_GIVEN DATA:_
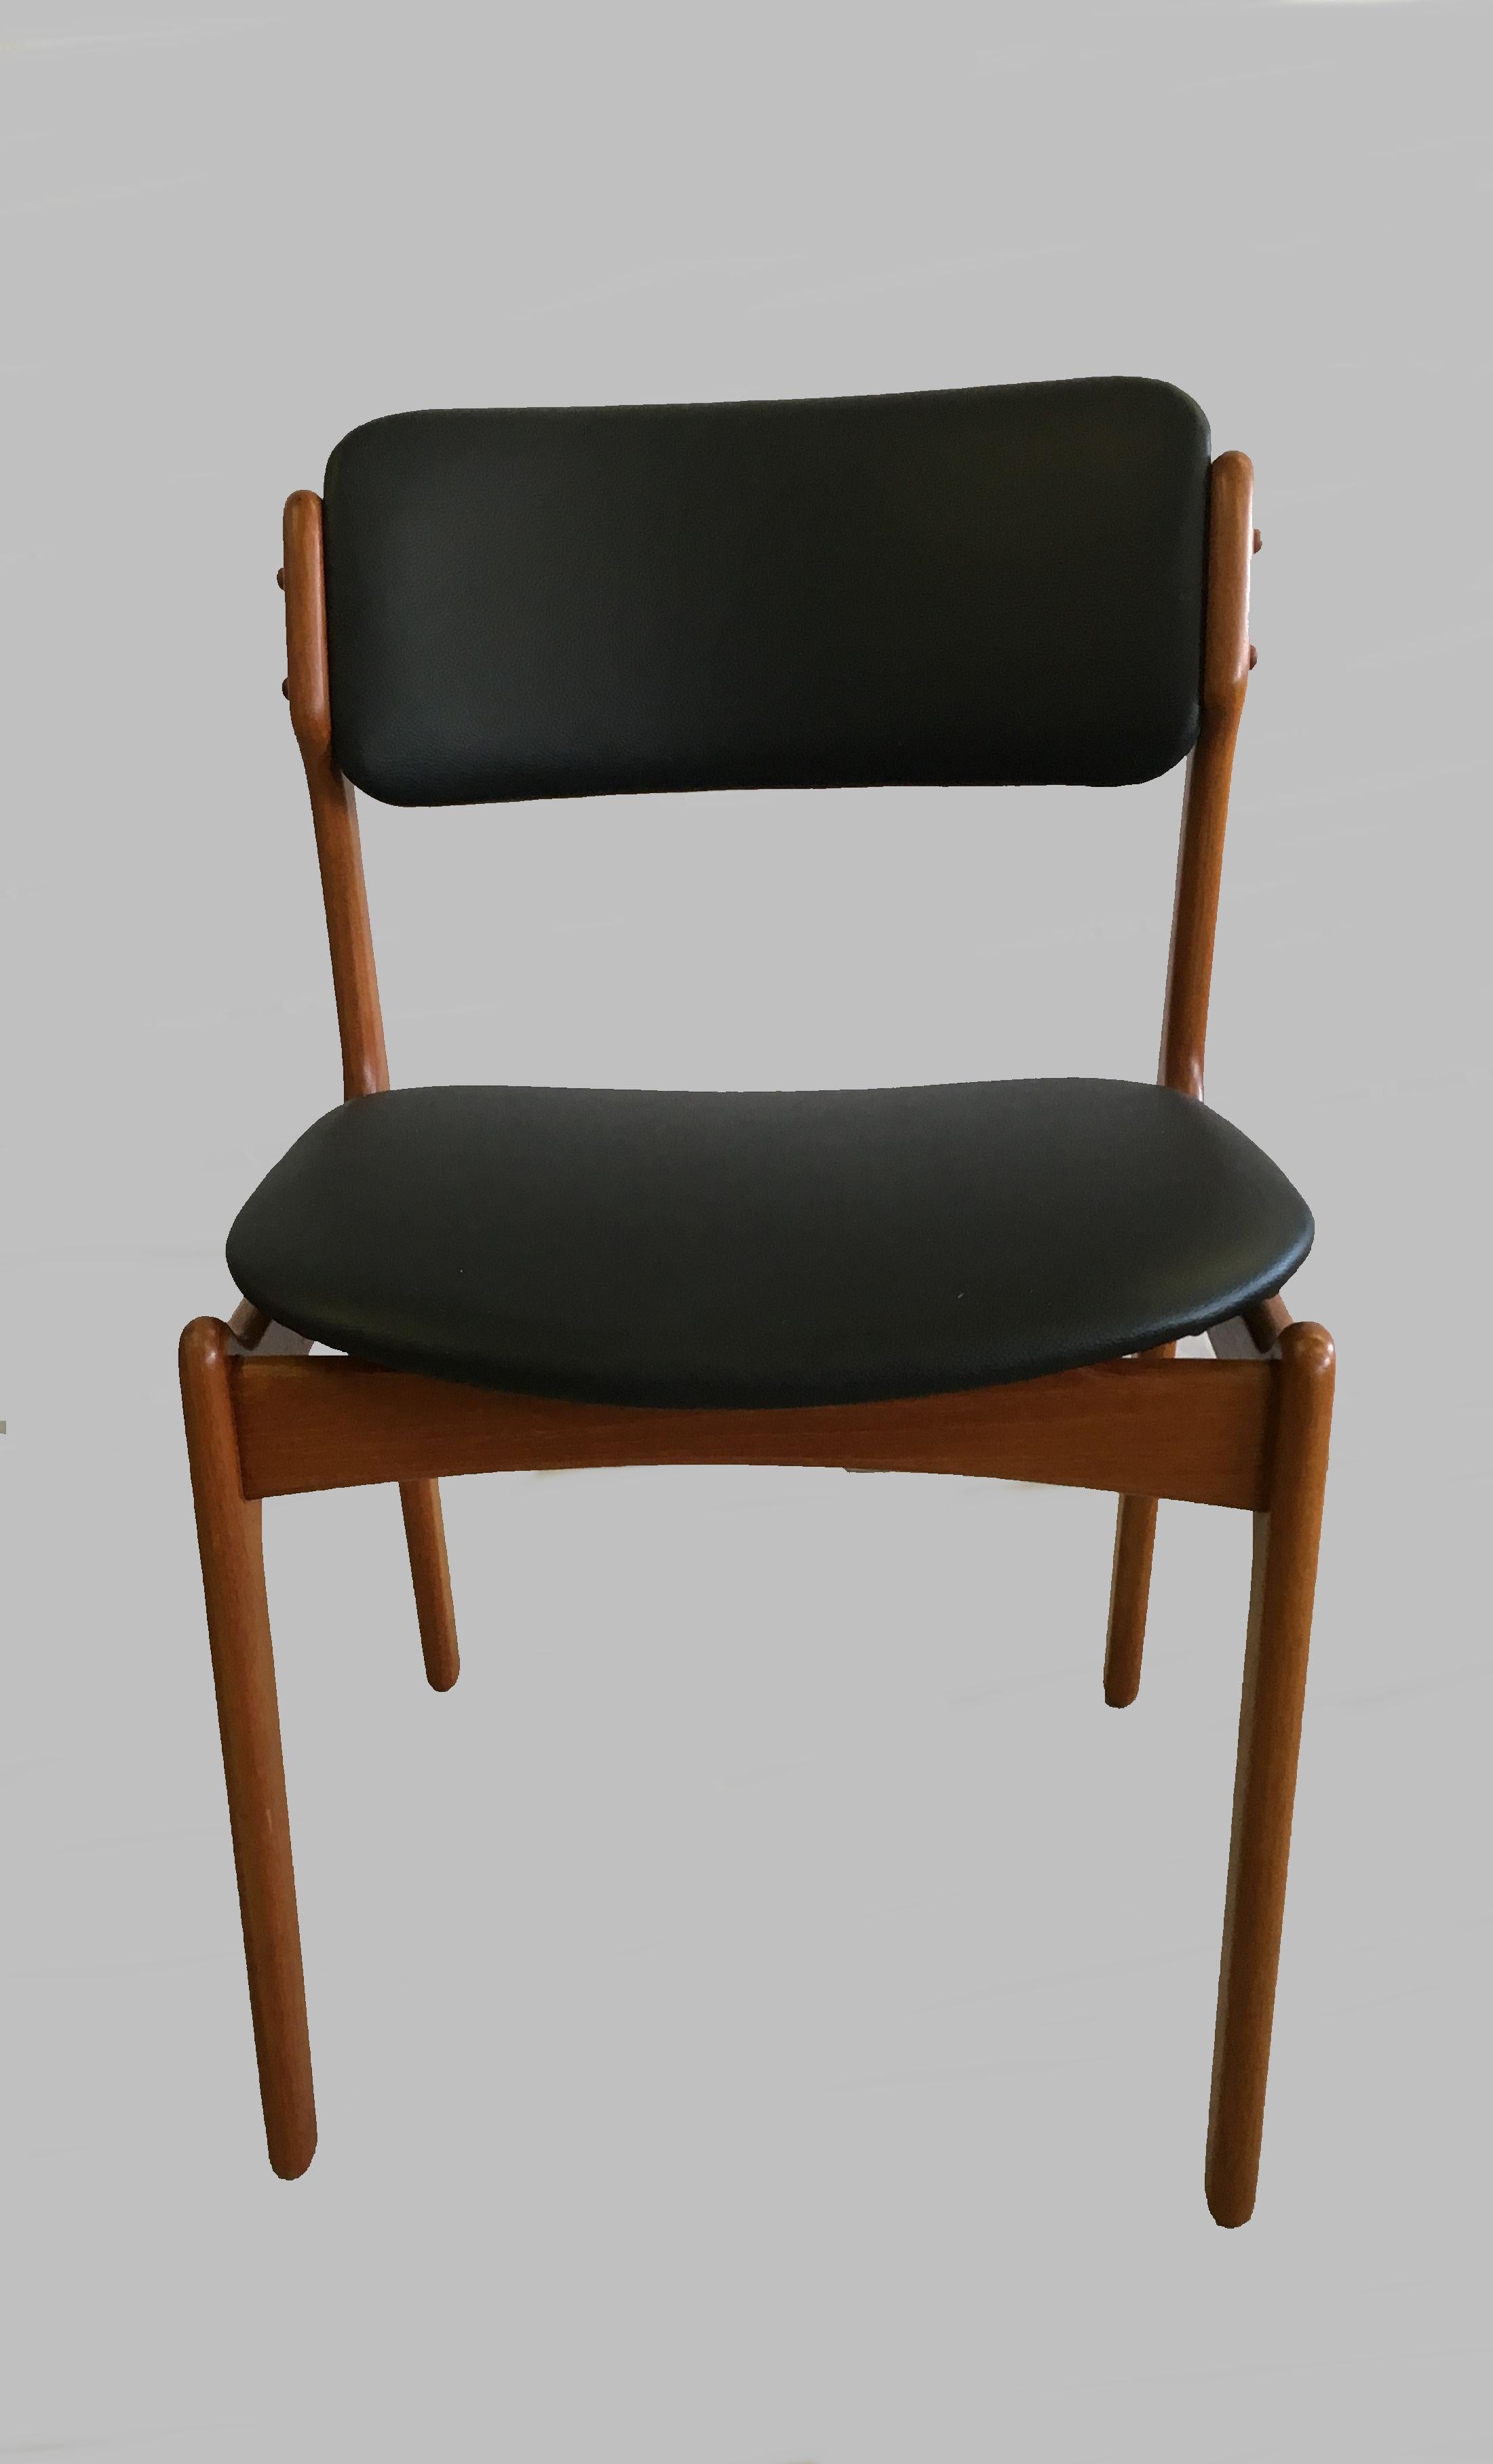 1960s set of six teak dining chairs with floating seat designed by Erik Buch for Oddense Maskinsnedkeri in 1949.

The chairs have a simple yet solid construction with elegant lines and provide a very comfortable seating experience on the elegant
...
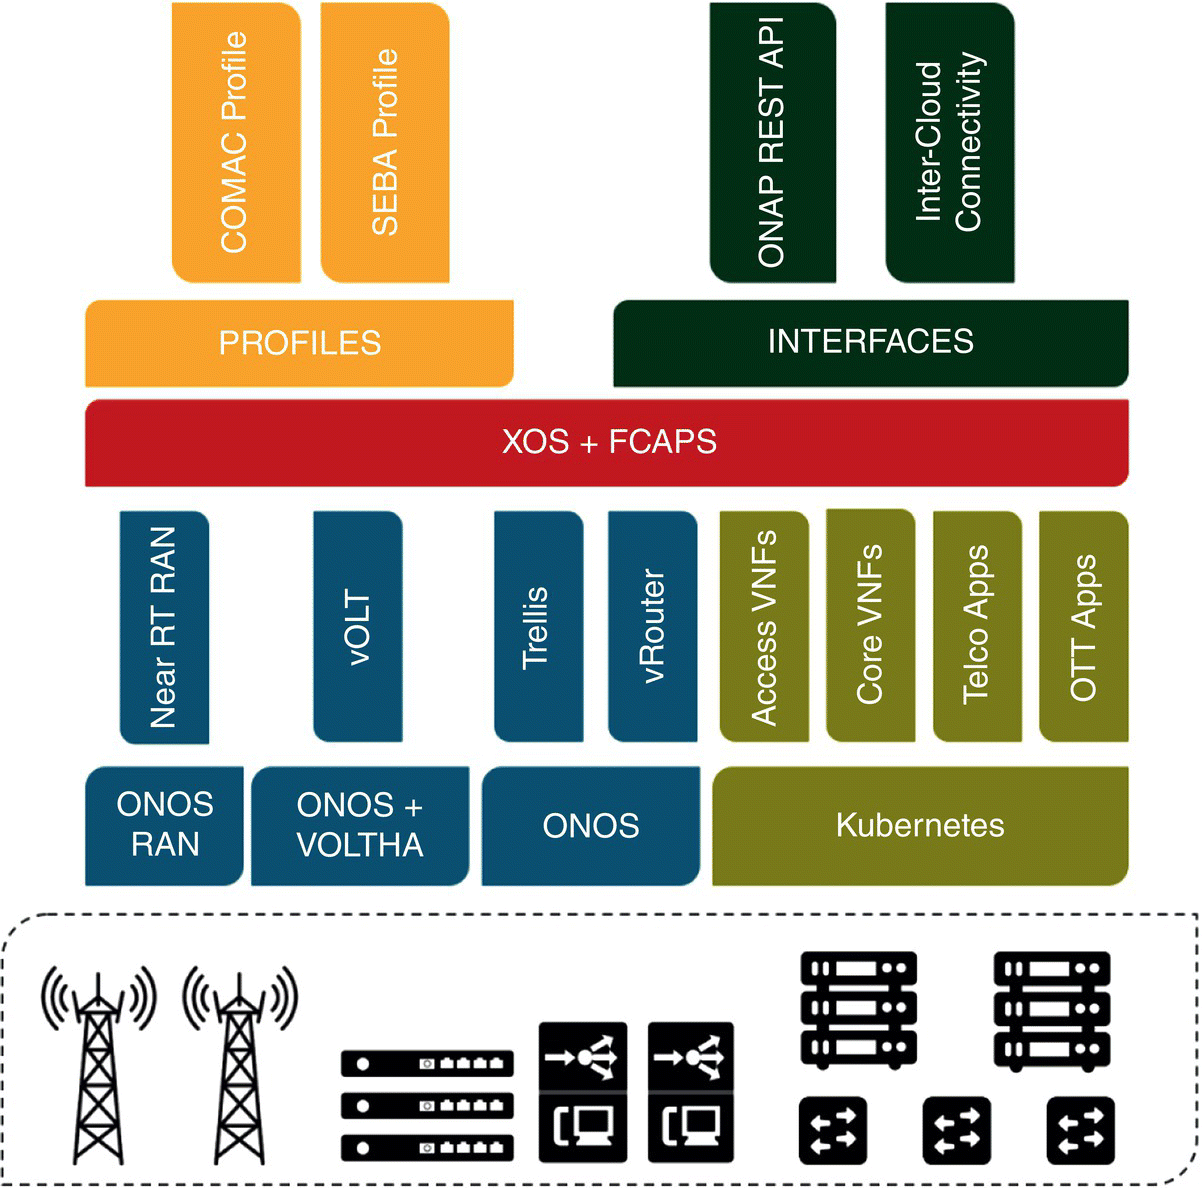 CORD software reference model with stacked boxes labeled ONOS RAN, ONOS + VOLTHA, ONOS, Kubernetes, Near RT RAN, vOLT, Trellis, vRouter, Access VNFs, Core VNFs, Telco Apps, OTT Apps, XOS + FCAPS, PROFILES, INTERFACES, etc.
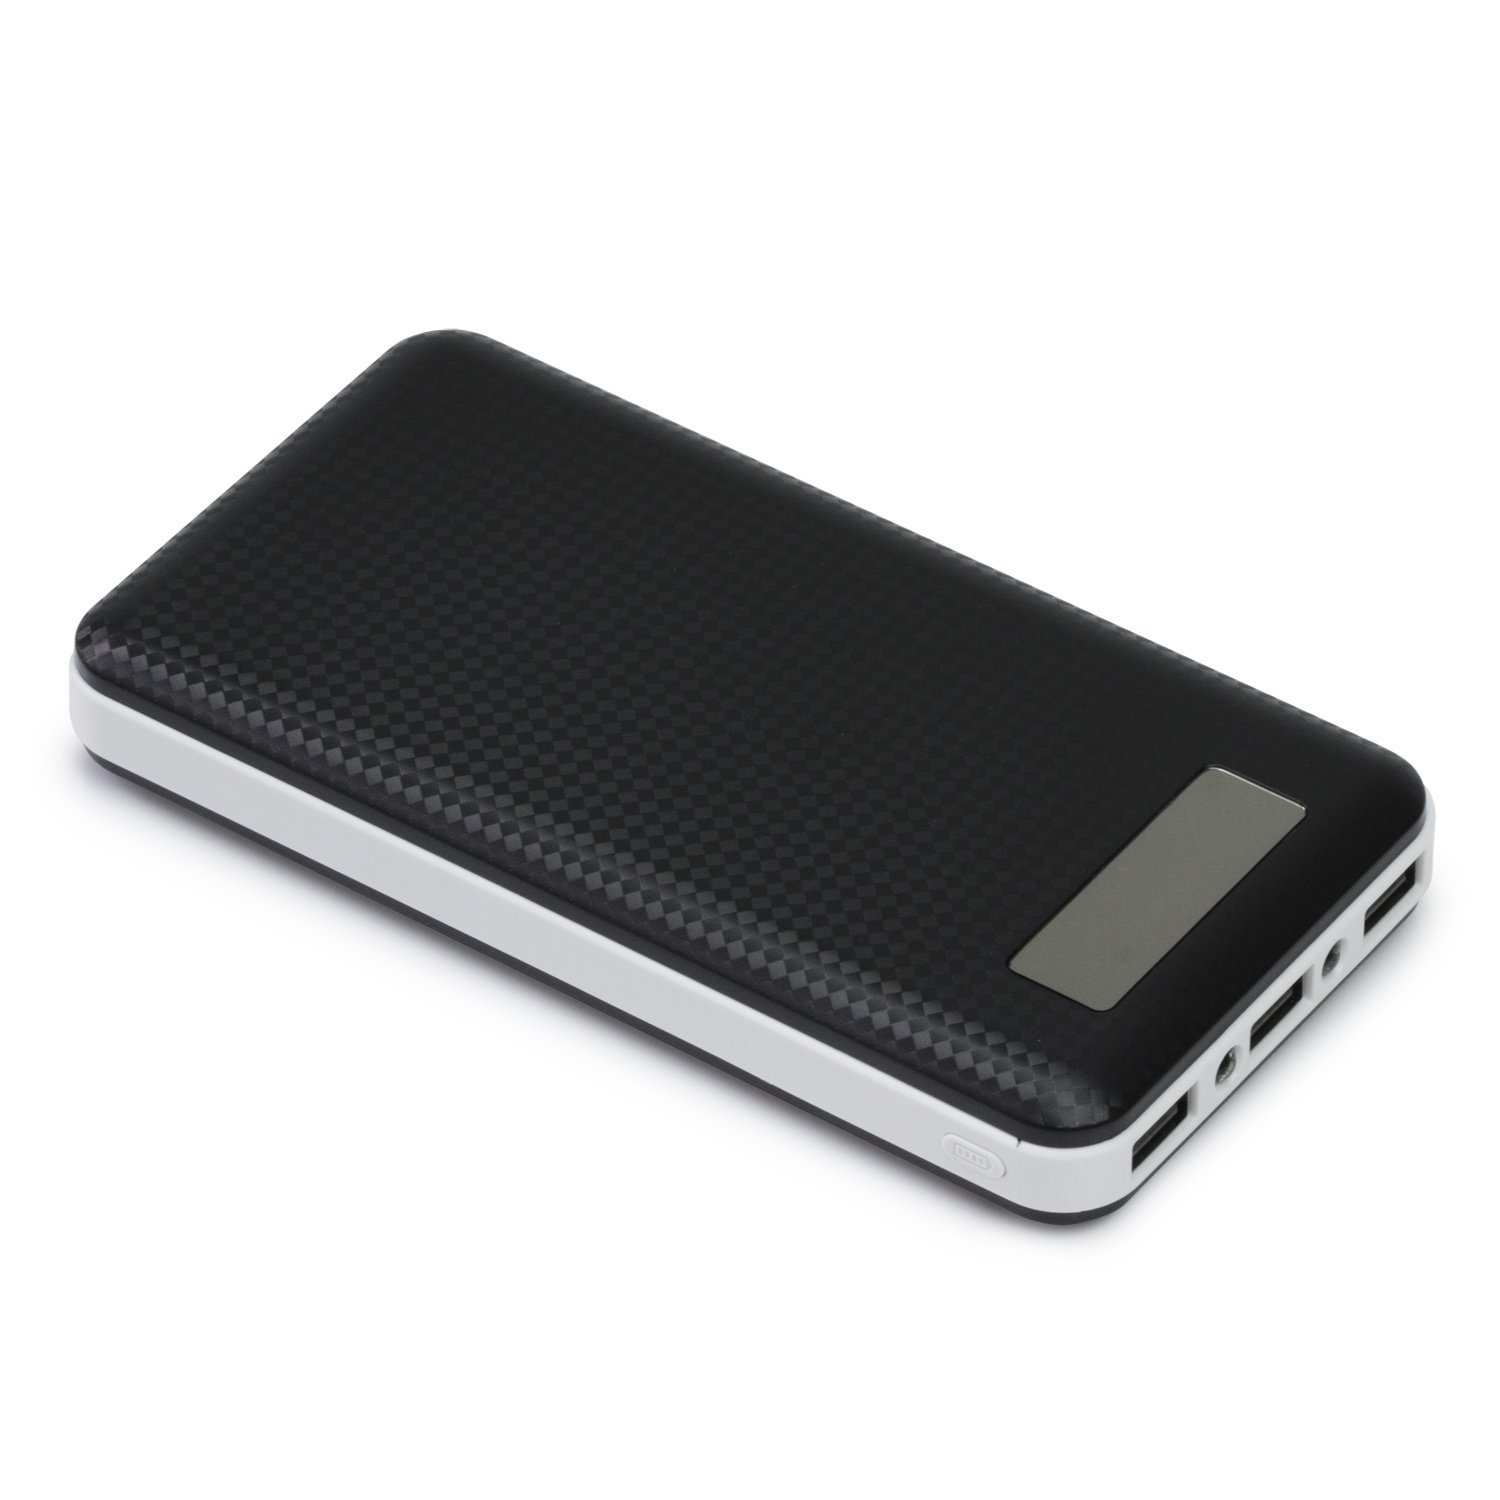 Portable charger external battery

_WHAT IS BEING ASKED:_ Only one stretch of the listing is wanted: the lines starting at the one with "1960s set of" and ending at the one with "The chairs have", copied exactly and free of pictures.

_ANSWER SECTION:_
 1960s set of six teak dining chairs with floating seat designed by Erik Buch for Oddense Maskinsnedkeri in 1949.

The chairs have a simple yet solid construction with elegant lines and provide a very comfortable seating experience on the elegant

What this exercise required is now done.